While I’ve hardcoded “Blazor Clippy” as the AI persona for our call to Azure AI OpenAI’s ChatGPT streaming API, I’m considering adding support for other personas. If you’d like to see support for other personas, please let me know by opening an issue on GitHub — or better yet, submit a PR! Here are some ideas for personas 🎉:

Add support for “Blazor Bot”
Add support for “Blazor Yoda”
Add support for “Blazor Elmo”
Add support for “Blazor the Pirate”
Add support for “Blazor the Rock Star”

The MapAzureOpenAiApi extension method is responsible for mapping the Azure OpenAI API to the given routeBuilder. The PostChatPromptAsync method is responsible for handling the HTTP POST request to the /api/openai/chat endpoint. The PostChatPromptAsync method posts the user’s prompt, and before doing so it configures the AI’s persona and then returns the AI’s response.

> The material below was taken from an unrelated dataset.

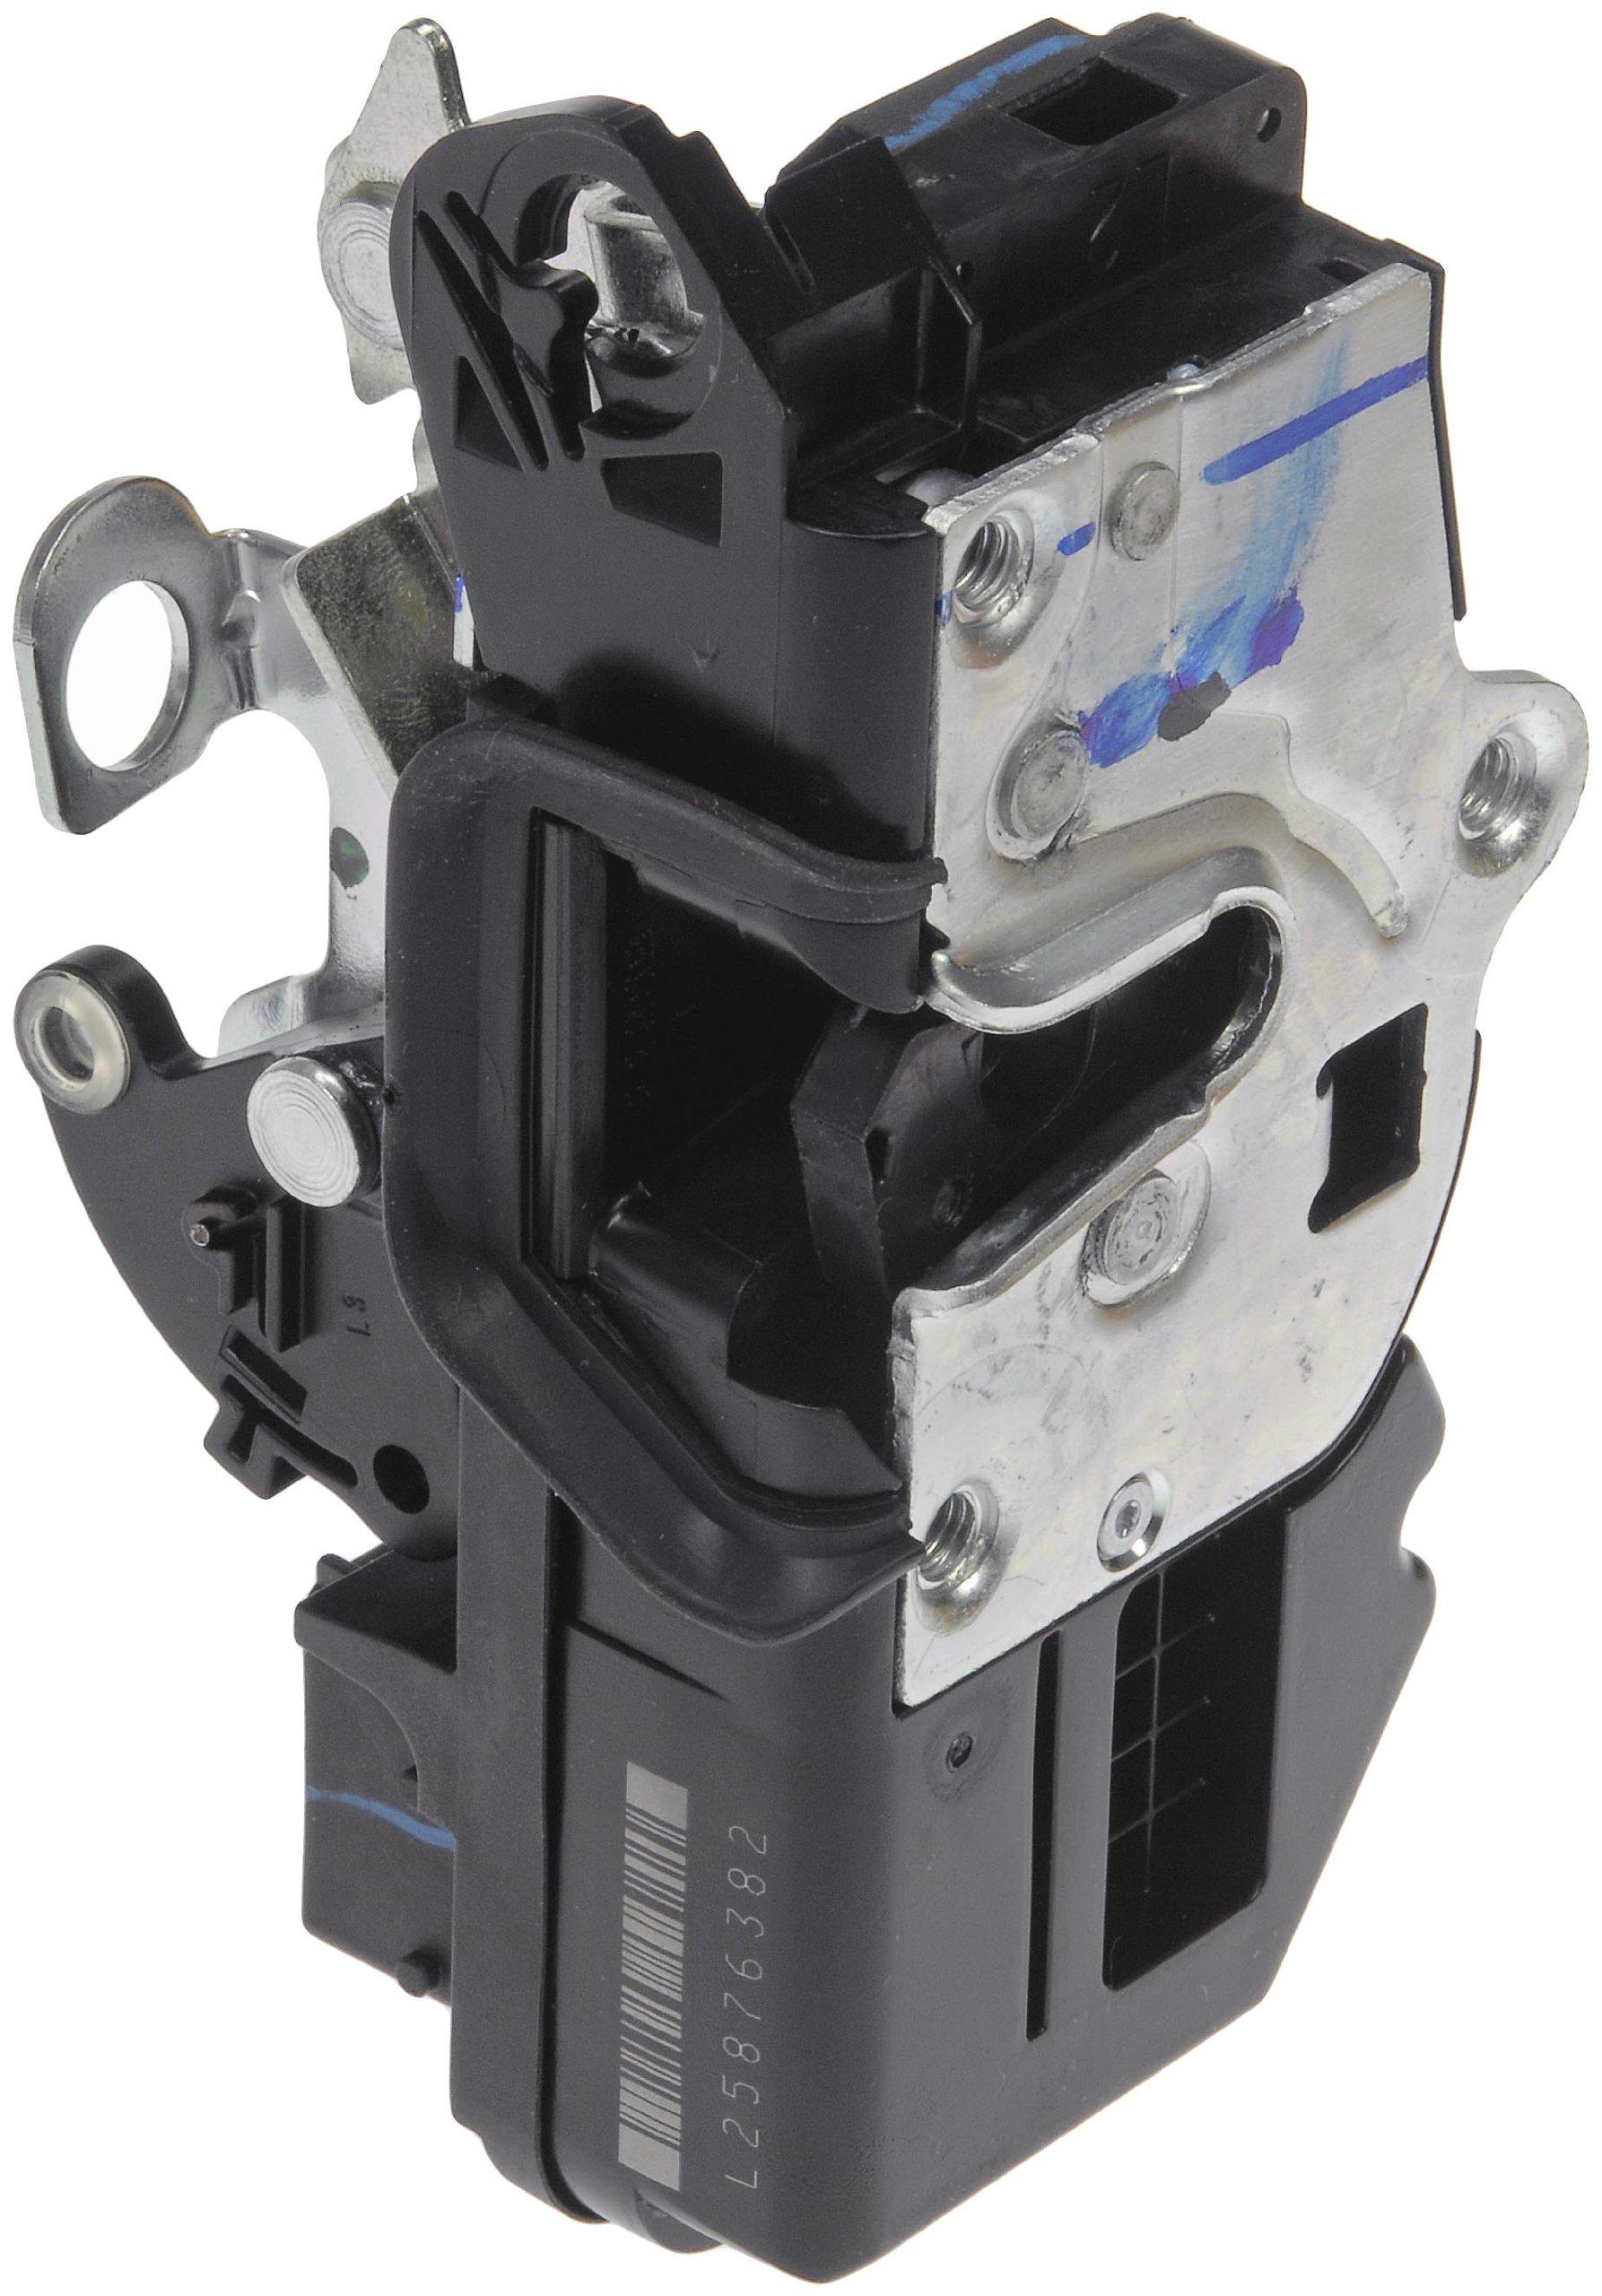 Dorman 931-303 Front Drivers Side Door Lock Actuator Motor for Select Chevrolet/GMC / Cadillac Trucks

The SDK requires a few steps but it’s fairly straightforward. The PostChatPromptAsync method does the following:

Asks the client to get the chat completions for streaming asynchronously
- The deploymentId is used to specify the model
- The ChatCompletionsOptions.Messages configures messages to instruct the AI to take on a persona
The response.Value acts as the available completions, from which the streaming API returns:
- Multiple choice instances are used to stream the message
- And yield return new TokenizedResponse(message.Content); is used to return the AI’s response

The TokenizedResponse is a simple class that’s used to return the AI’s response to the client:

// Copyright (c) David Pine. All rights reserved.
// Licensed under the MIT License.

namespace Azure.OpenAI.Shared;

/// <summary>
/// A tokenize response, wrapper around the
/// response's raw <paramref name="Content"/> value.
/// </summary>
/// <param name="Content">
/// The content provided for the given response.
/// </param>
public record class TokenizedResponse(string Content);

This object will be consumed by the client. Let’s have a look at that next.

Client

The client is an ASP.NET Core Blazor WebAssembly app, that consumes the IAsyncEnumerable<T> from the server. The Program.cs file is responsible for configuring the client’s HttpClient to use the server’s base address:

// Copyright (c) David Pine. All rights reserved.
// Licensed under the MIT License.

var builder = WebAssemblyHostBuilder.CreateDefault(args);
builder.RootComponents.Add<App>("#app");
builder.RootComponents.Add<HeadOutlet>("head::after");

builder.Services.AddScoped(
    sp => new HttpClient
    {
        BaseAddress = new Uri(builder.HostEnvironment.BaseAddress)
    });

builder.Services.AddSingleton<AppState>();
builder.Services.AddHttpClient();
builder.Services.AddSingleton<OpenAIPromptQueue>();
builder.Services.AddLocalStorageServices();
builder.Services.AddSessionStorageServices();
builder.Services.AddSpeechSynthesisServices();
builder.Services.AddSpeechRecognitionServices();
builder.Services.AddMudServices();
builder.Services.AddLocalization();
builder.Services.AddScoped<CultureService>();
builder.Services.AddSingleton<ObjectPoolProvider, DefaultObjectPoolProvider>();
builder.Services.AddSingleton(
    sp => sp.GetRequiredService<ObjectPoolProvider>().CreateStringBuilderPool());

var host = builder.Build()
    .DetectClientCulture();

await JSHost.ImportAsync(
    moduleName: nameof(JavaScriptModule),
    moduleUrl: $"../site.js?{Guid.NewGuid()}" /* cache bust */);

await host.RunAsync();

The client app configures itself as follows:

AppState is added
Support for HTTP requests is added
A custom service named OpenAIPromptQueue is added as a singleton
Local and session storage services are added
Speech synthesis and recognition services are added
MudBlazor services are added
A CultureService is added
Object pools are used and expose the default StringBuilder pool for optimal performance
Once the builder is built, the client’s culture is detected (the app may restart if needed)
The JSHost is used to import the site.js file, which defines an ES6 module that’s used to expose scrollIntoView functionality on the client
Finally, the host is run

The JavaScriptModule class defines the connection between the app’s site.js code, consider the JavaScriptModule.cs file:

// Copyright (c) David Pine. All rights reserved.
// Licensed under the MIT License.

namespace Azure.OpenAI.Client.Interop;

internal sealed partial class JavaScriptModule
{
    [JSImport("scrollIntoView", nameof(JavaScriptModule))]
    public static partial Task ScrollIntoView(string id);
}

The class is marked as partial, as well as the ScrollIntoView method. There is a source generator that provides the bridge between the C# and JavaScript code. This is the same idea that I’ve written about with my side-project named Blazorators 🤓!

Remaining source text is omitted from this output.